I timed my return to Hanoi pretty much perfectly. It’s difficult for me to imagine this city without the late night sanctuary of a Tadioto.
Of course it’s not exactly the same. Whenever I walk past 113 Trieu Viet Vuong there’s a baleful glance at the myopia now encapsulated in the stark white grille barring its facade. A brilliant business decision that one. Anyone who’d been there would remember the attention to detail and the time so obviously invested in creating such a special atmosphere. That can’t be instantly replicated. But what really made the old Tadioto great—the patrons, the staff, the owner—are thankfully not location dependent.

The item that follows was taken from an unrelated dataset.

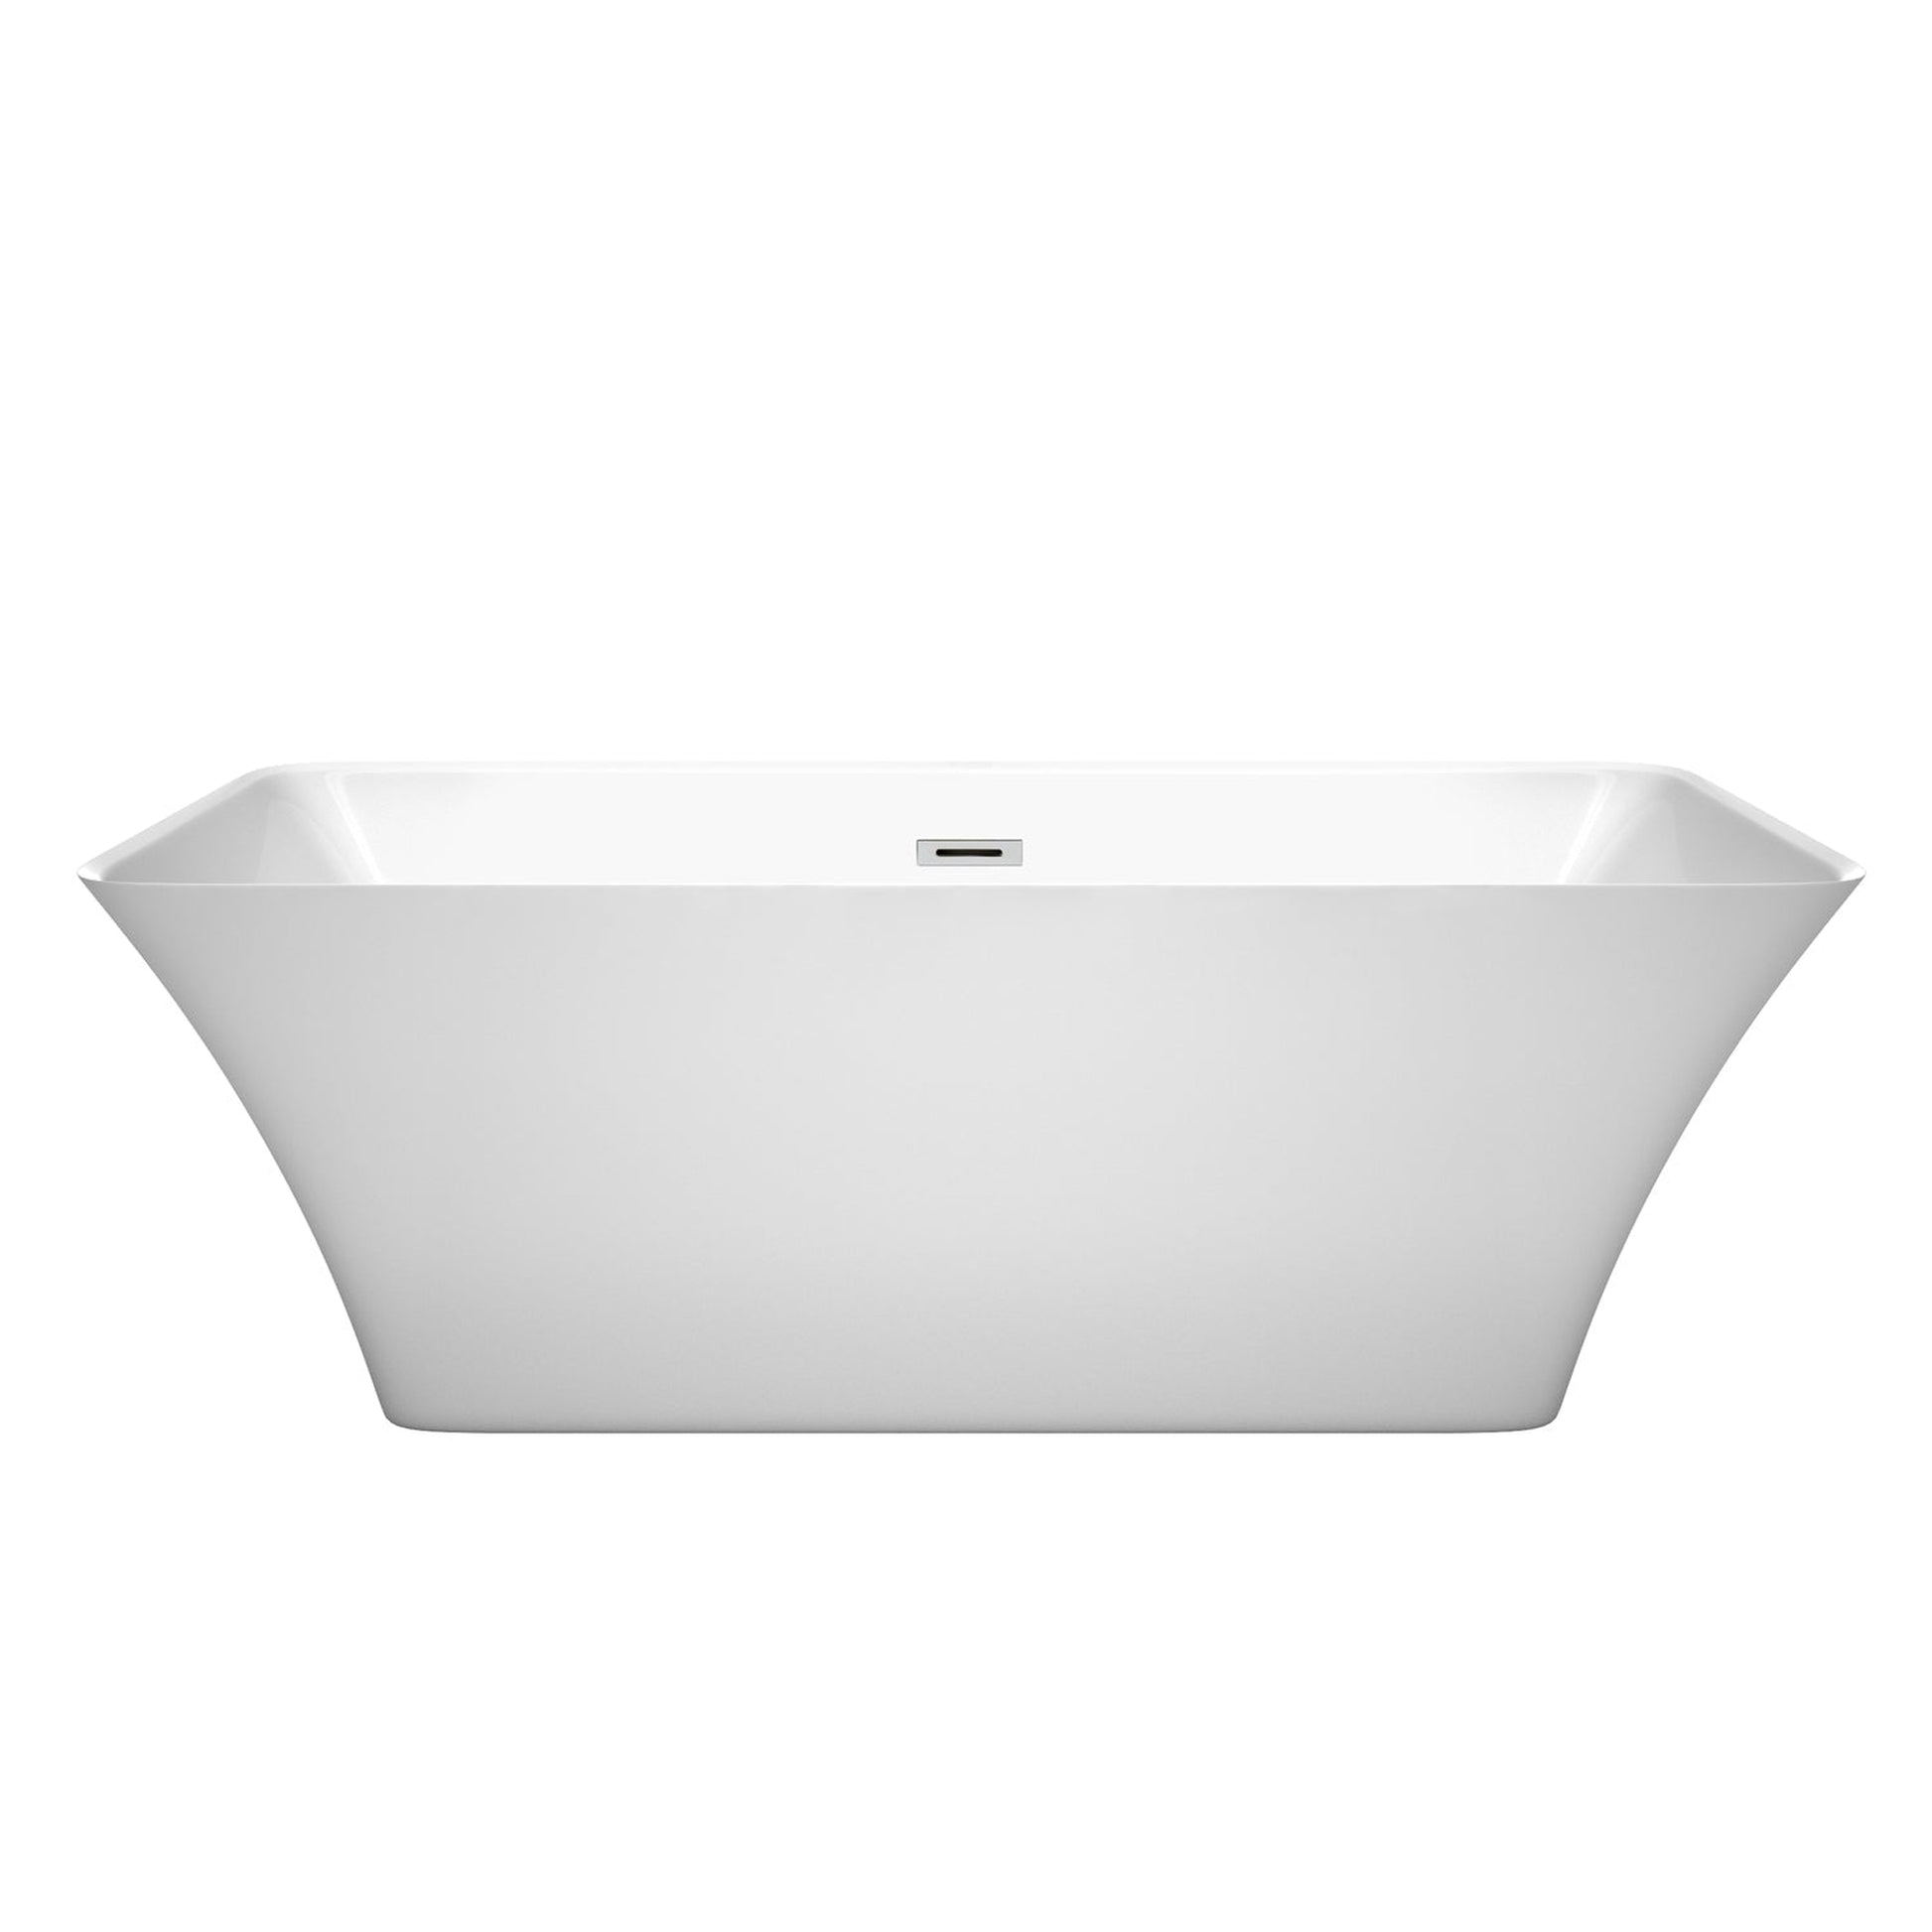 Wyndham Collection Tiffany 67" Freestanding Bathtub in White With Polished Chrome Drain and Overflow Trim

The old crowd, at least as I remember it, is slowly returning and other interesting people are showing up. The coffee remains amazing. The drinks are still very liberally (and therefore somewhat dangerously) poured. The music still kicks ass. The staff are just as friendly and attentive, not only tolerating the horrible Vietnamese I inflict upon them, but even offering help. It’s pretty cool seeing the character of the place take shape, noticing a little something new every visit. And Duc—rightly listed as one of the 101 things to love about Hanoi—is still Duc.
Go check Tadioto Truong Han Sieu out if you haven’t already done so, both former regulars and new faces. You won’t regret it.